We humans are insignificant in the face of one wild beast, much less the unprecedented fury of nature, and effective disaster management education, system and policy doesn’t even exist in all places. Be it wildfires, floods, earthquakes, tsunamis, volcanoes, landslides, avalanches, hurricanes – we hear something or the other in the news and once again get reminded of how powerless we still are in face of a natural disaster.

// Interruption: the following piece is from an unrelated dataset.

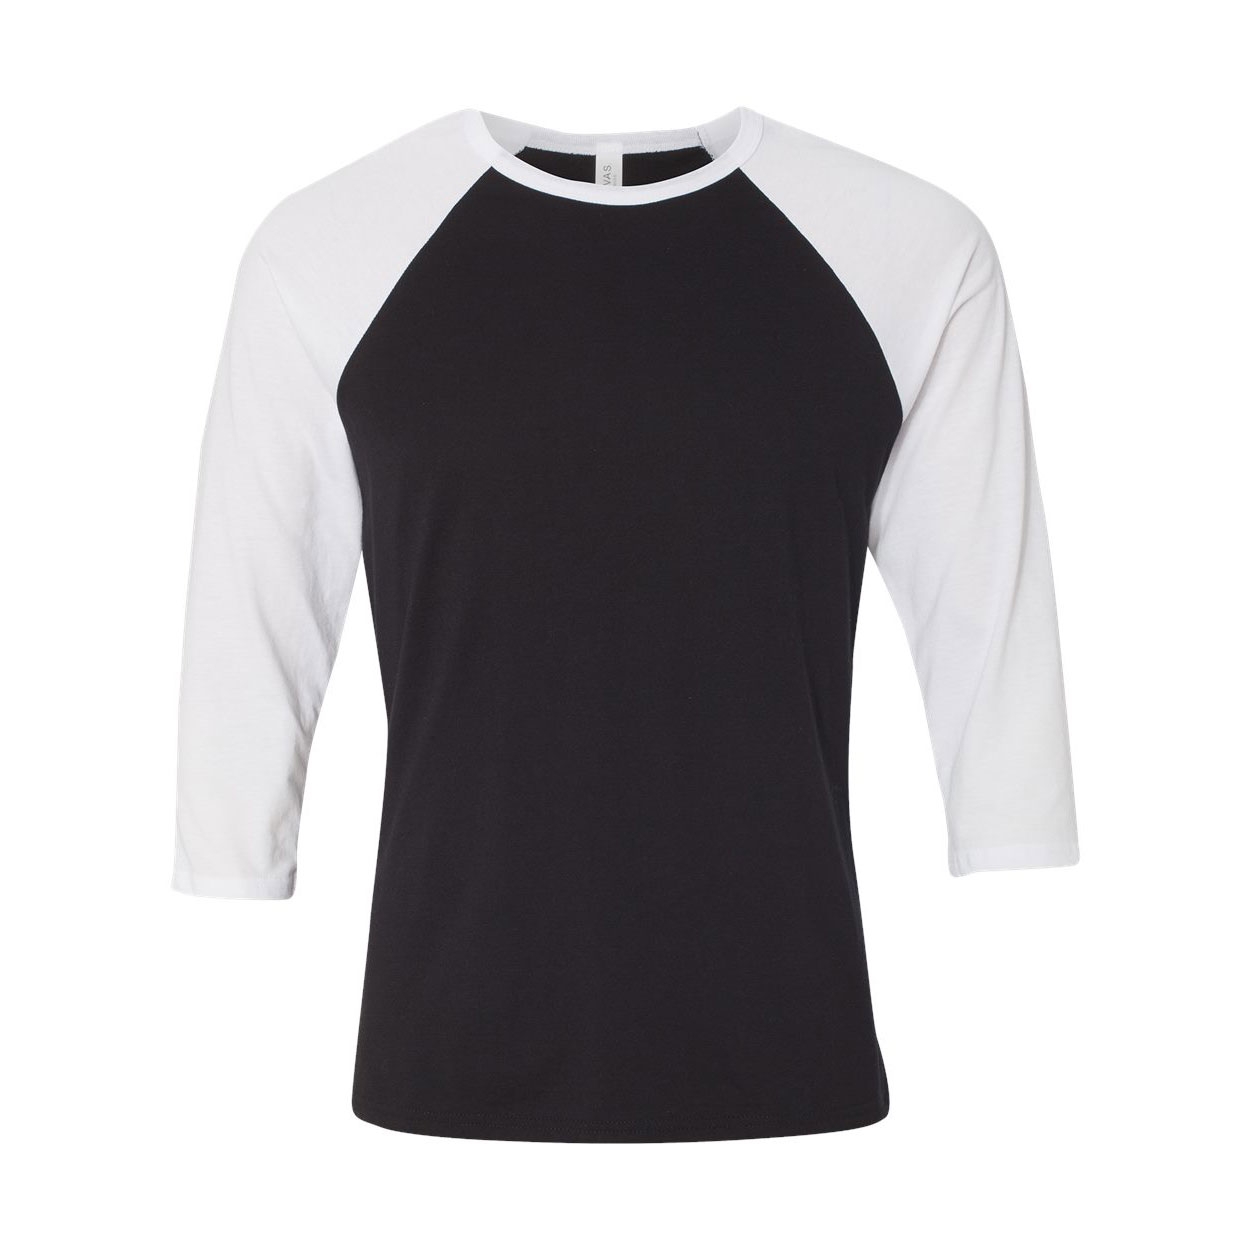 Product Details: Premium Shirt – Raglan 3/4 Sleeve “Night Out” Style - Black/White Sleeves (Bella + Canvas 3200 Tri-Blend 3/4-Sleeve Baseball T-Shirt)

I personally believe disaster management should not just be an academic exercise of a select few, but a humanitarian necessity, so, here lets start this flood prediction project as my humble attempt of trying something hoping the end result gives us all a better system in some aspect or even a better understanding that might help things down the line or someone very smart somewhere out there.

Also I want my time, and whatever I have learned, to be spent on something useful. This aligns with my life’s mission – trying to make and leave the Earth a better place while we’re on it, where life can prosper in harmony, we’ve come so far, unbelievable advances in science and technology over centuries of human effort and billions of years of biological and microbial effort to get us to the diversity and abundance of flora and fauna we see around us, including us, and so, we humans with our technology have a duty even if its just out of courtesy, protecting this planet called earth, for us and generations to come and letting life prosper throughout this universe. We owe it to all the earthen life that kept going, kept fighting, kept evolving billions of years.
We’re probably like the immune cell of earth’s ecosystem – a contract to do our part for the better of the system be it preventing harm, fighting asteroids or rebuilding civillians – and i dont want to be a catastrophic neutrophil – no matter how passionate they are (and yes i’m currently reading immune by kurzgesagt)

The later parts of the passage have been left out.